Varon admitted it was frustrating to see how many patients were admitted to his hospital while other Americans were advocating for public health guidelines.

‘The frustration I do this day in and day out and people are out there doing the wrong things. People are out visiting bars, restaurants, malls – it’s crazy. People do not listen and then they end up in my ICU, ‘he said.

But Varon on CNN urged local residents and others to practice basic CDC health guidelines that could keep them out of the hospital. ‘

‘What people need to know is that I do not want to hug them,’ Varon said. ‘They need to do the basics.’

Varon then mentioned guidelines such as social distance, face masks, hand washing and avoiding large gatherings.

‘Very simple. If people can do that, health workers like me can hopefully rest, ‘Varon said.

Varon: 'The frustration I do this day in and day out and people are out there doing the wrong things.  People are out visiting bars, restaurants, malls - it's crazy.  People do not listen, and then they end up in my ICU 'Pictured: Dr.  Joseph Varon (right) leads a team as they try to save a patient's life

Varon: ‘The frustration I do this day in and day out and people are out there doing the wrong things. People are out visiting bars, restaurants, malls – it’s crazy. People do not listen, and then they end up in my ICU ‘Pictured: Dr. Joseph Varon (right) leads a team as they try to save a patient’s life

In Harris County, where Houston lives, there have been more than 187,000 confirmed infections and 2,418 deaths.  The picture: Dr.  Joseph Varon (right)

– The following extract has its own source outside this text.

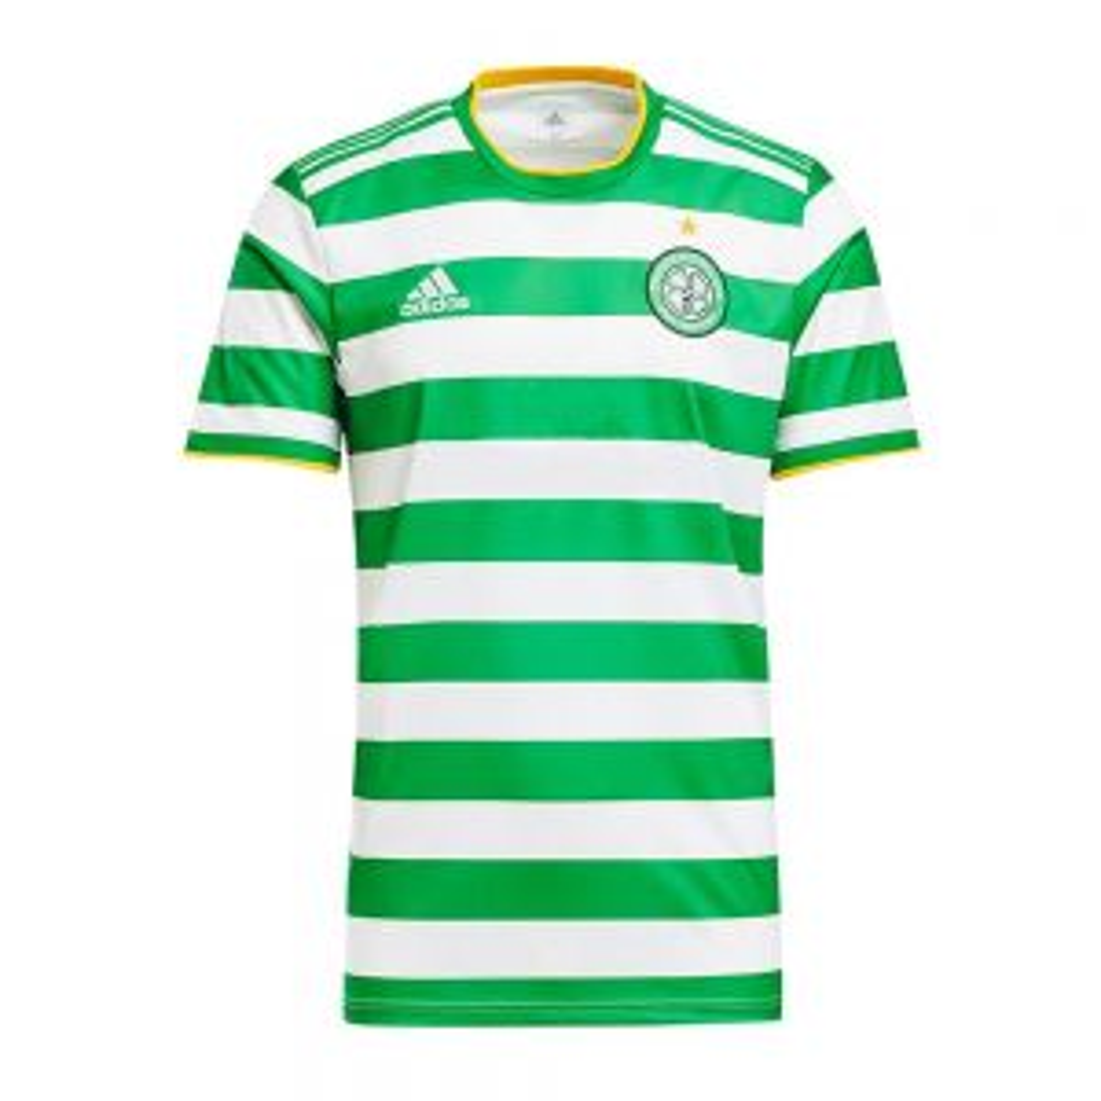 Celtic Mens 20/21 Home Shirt with No Sponsor - EUR version

In Harris County, where Houston lives, there have been more than 187,000 confirmed infections and 2,418 deaths. The picture: Dr. Joseph Varon (right)

As of Monday, the elderly patient from the viral photo was still being administered at the ICU and should prove negative on his coronavirus tests.

The man is feeling better and Varon is optimistic that he will be discharged before the end of the week.

The United States has registered 136,313 new coronavirus cases on Monday. New York Times database.

The CDC advised people to avoid traveling during the holidays and advised against meeting with anyone who has not lived in the same household for at least 14 days, the incubation period for the virus.